Abstract
Collecting Dilemmas: What to Collect, Who to Collect with and How to Represent Tibet in the 21st CenturyTibet is many things to many people. It is a place that continues to be understood as a mythical, traditional world, inhabited by spiritual, happy people: the Dalai Lama epitomizing this view. To Tibetans-in-exile it has become a longed-for homeland, and a focus for political and environmental campaigns. To China, it is part of the motherland, somewhere ripe for development and tourism, with a culture that is destined to be incorporated into the Chinese mainstream. In the museum context, Tibet, as Clare Harris notes, continues to be, "timeless", so it is, "nameless" (Harris 1999: 17). Tibet may well be timeless in museum representations, but more than this it is resolutely situated in a distinctly pre 1959 paradigm. To paraphrase Donald Lopez Jr, Tibet has become a prisoner of Shangri-la. How can a museum like National Museums Liverpool, which has one of the most significant collections of Tibetan material culture in Europe and North America rethink this museological prison?
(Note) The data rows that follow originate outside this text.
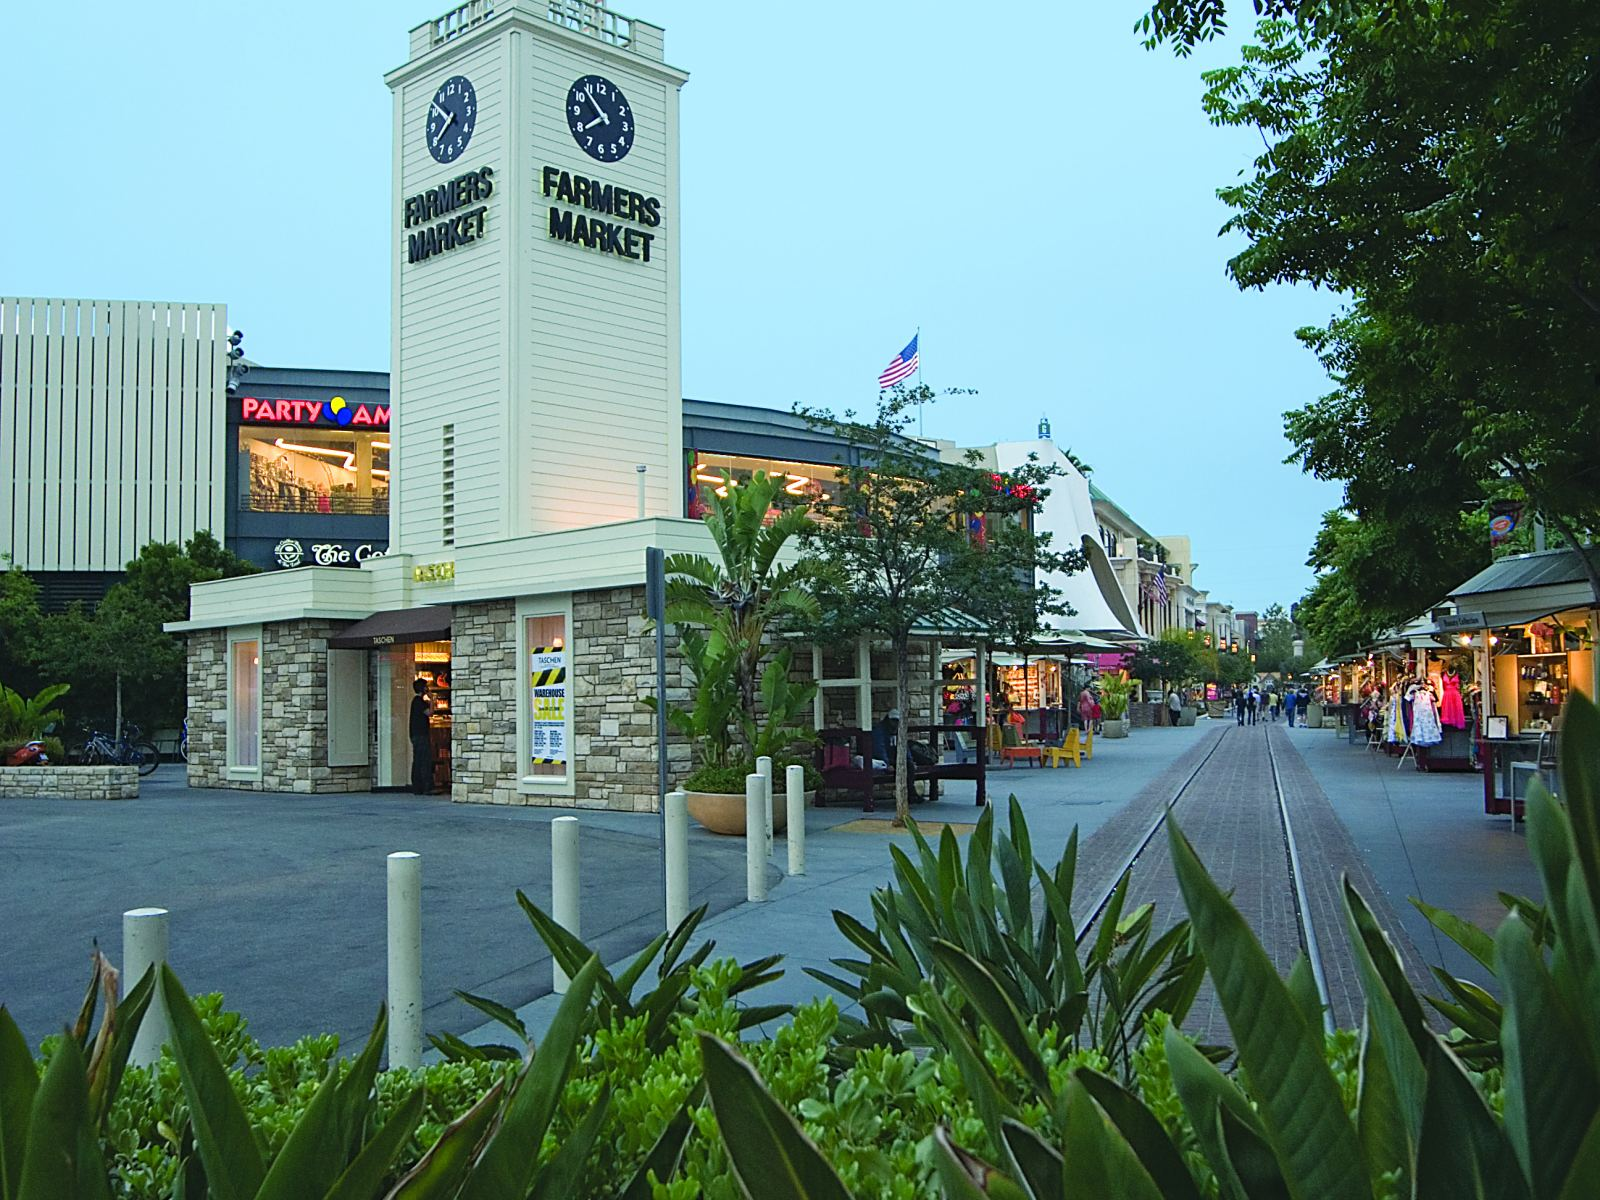 Main image for article titled Compras em Los Angeles: The Original Farmers Market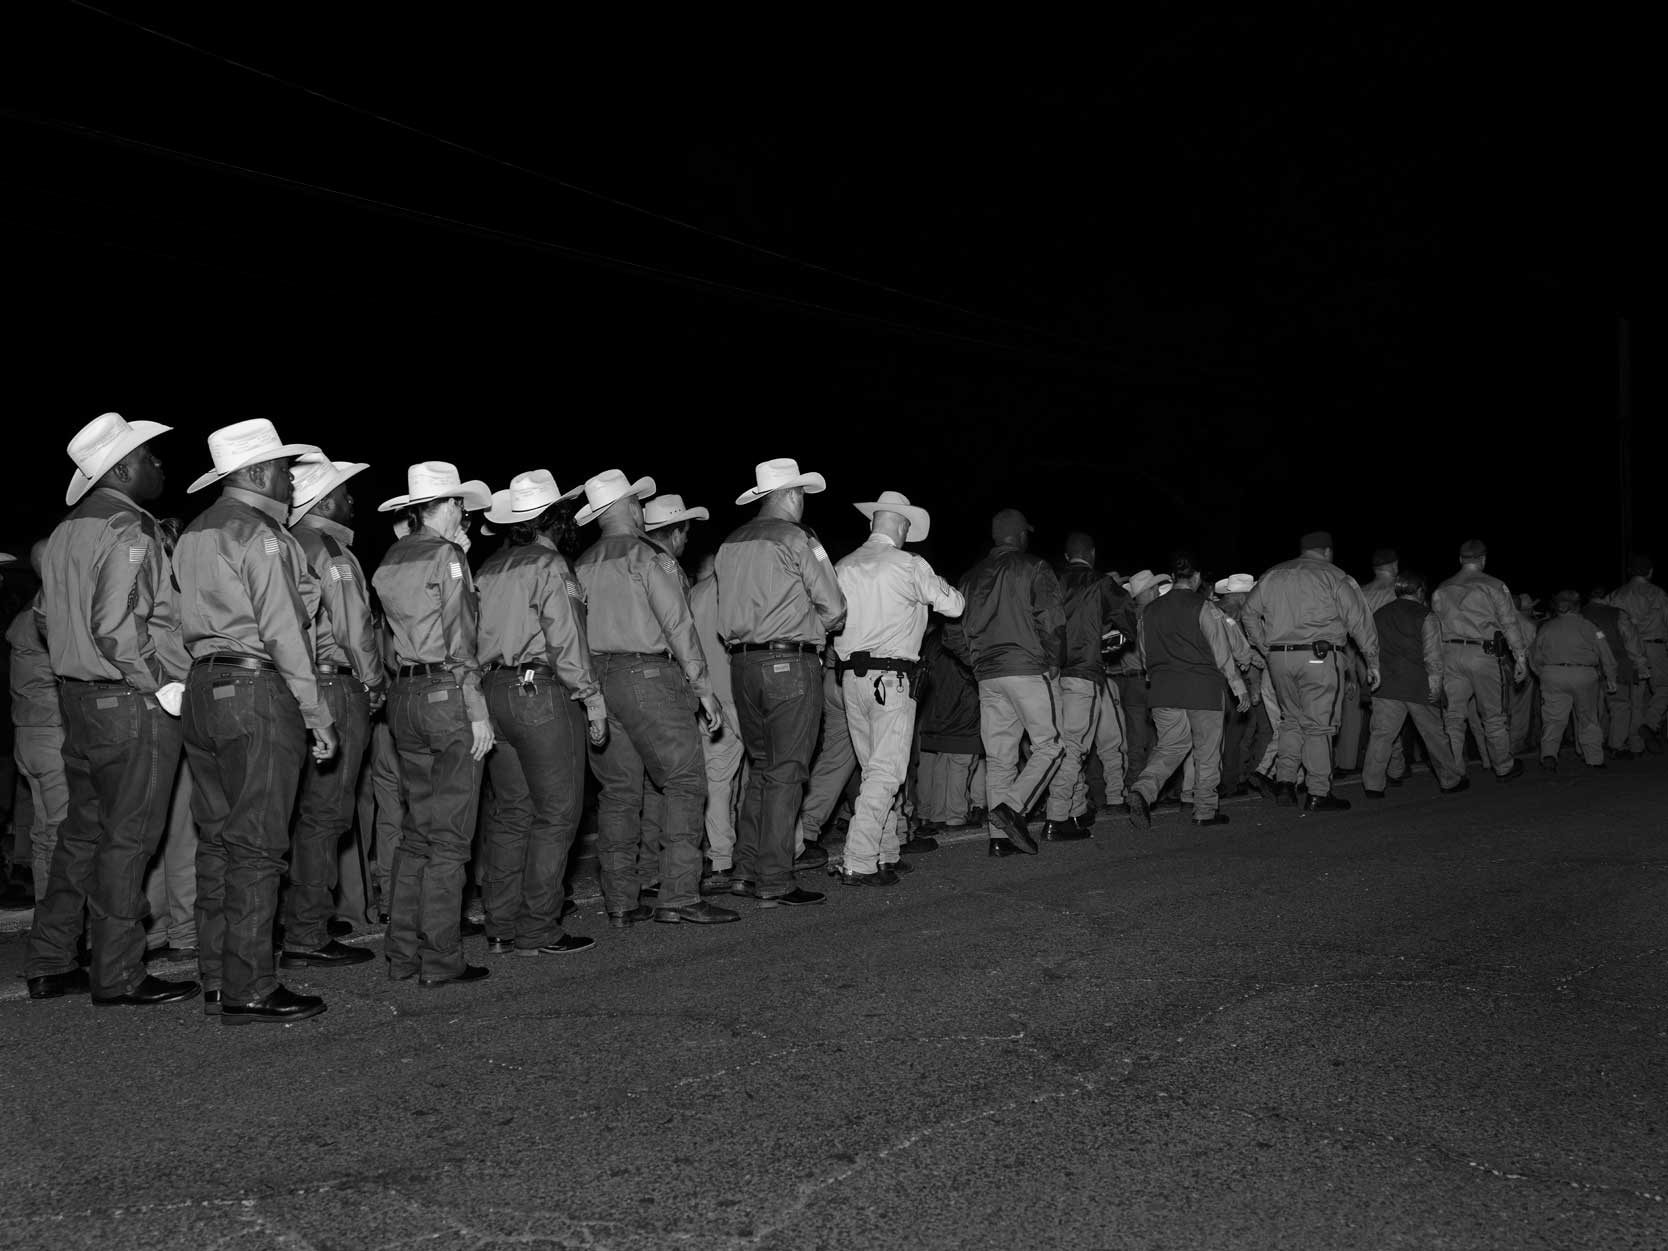 Execution. Huntsville Prison. Hunstville, Texas.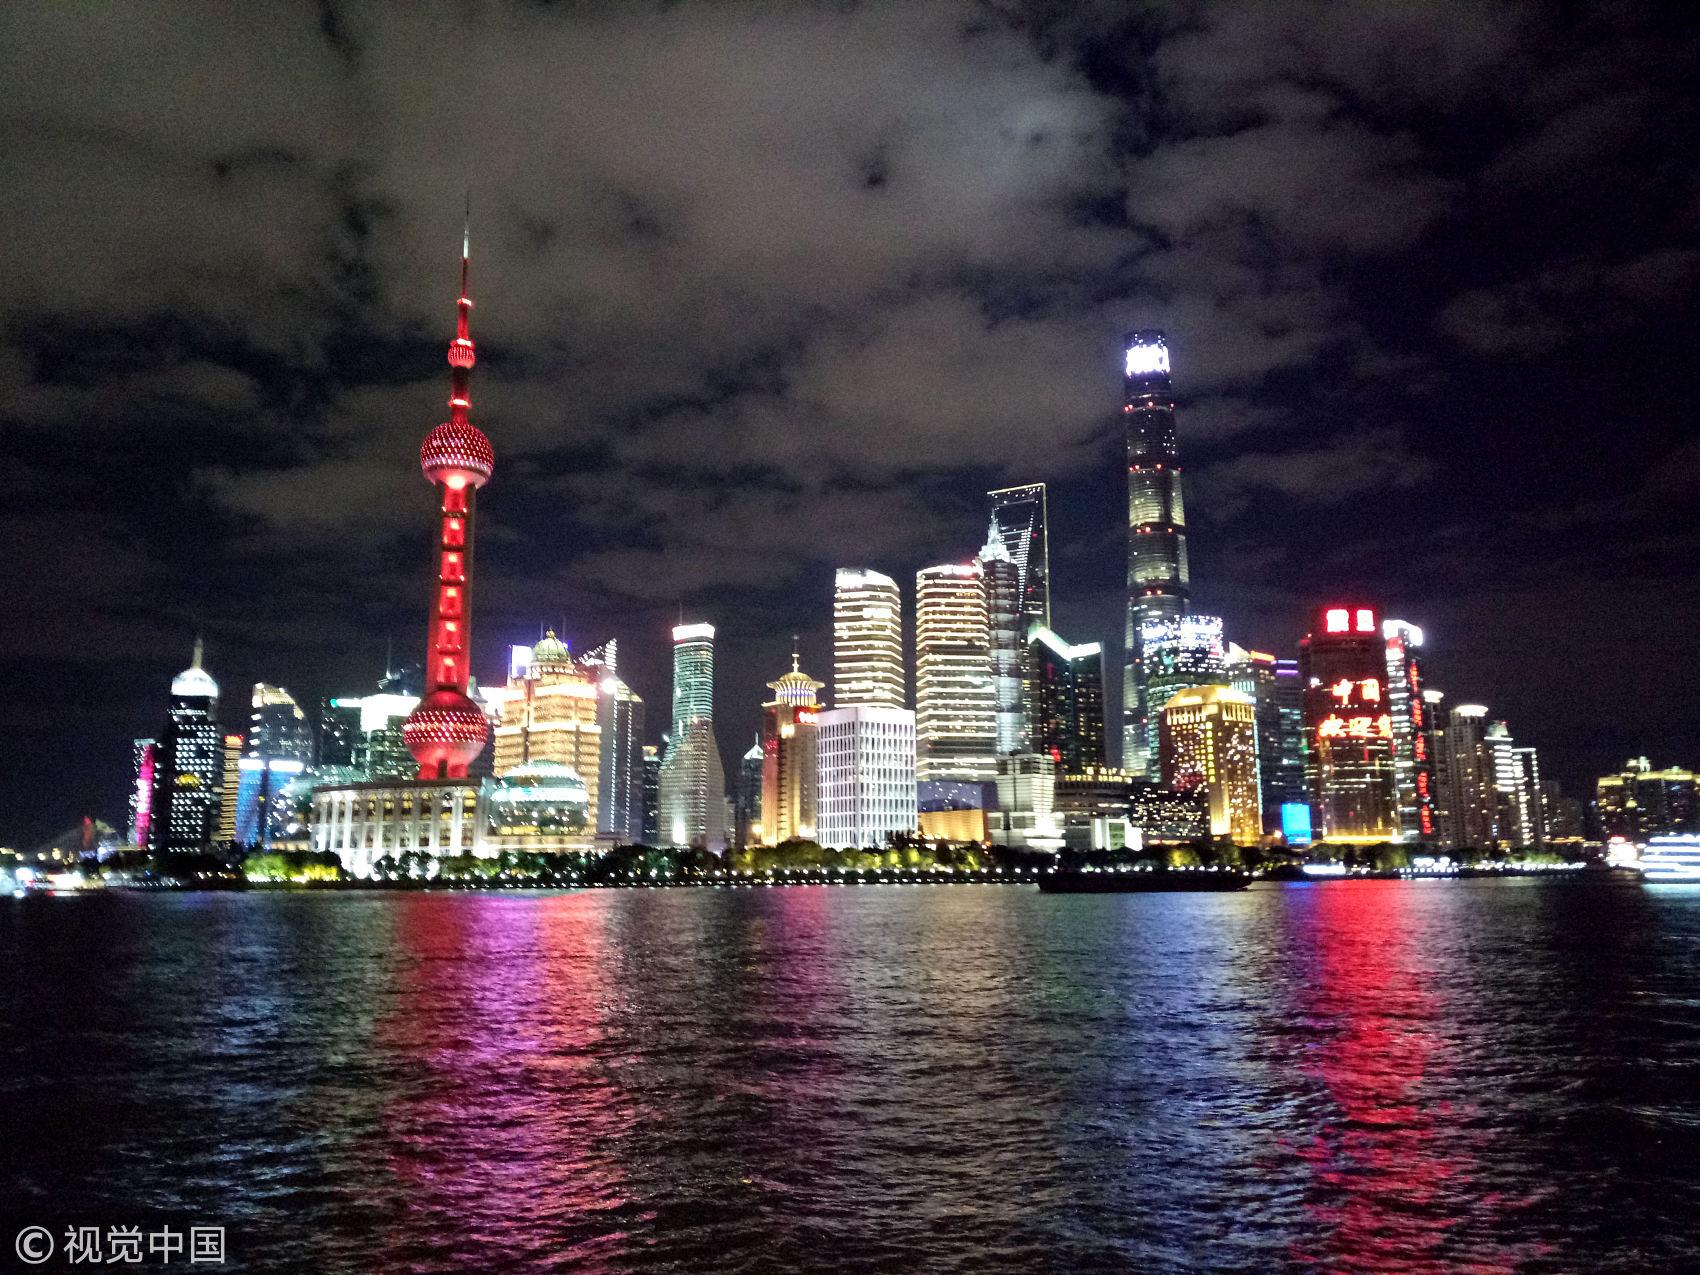 Landscape lighting upgraded in Shanghai for CIIE

Taking a recently conceived collecting programme entitled, ‘Tibetan Realities: Life and Art in the 21st Century’ as its starting point, this presentation and poster will offer the following questions for consideration. Where should a museum collect from when a country no longer exists? Who, from the many competing and conflicting parties, should the museum collect with or from? Furthermore, is authenticity still a valid marker for the commissioning and collecting process? What should be collected in order to reflect the cultural and political changes Tibet has witnessed, processed and undergone over the past 50 years? Is it time to collect beyond the ethnographic? Do the terms ‘art’ and ‘ethnography’ have a place in the 21st century or should we instead be locating collections in a ‘third space’?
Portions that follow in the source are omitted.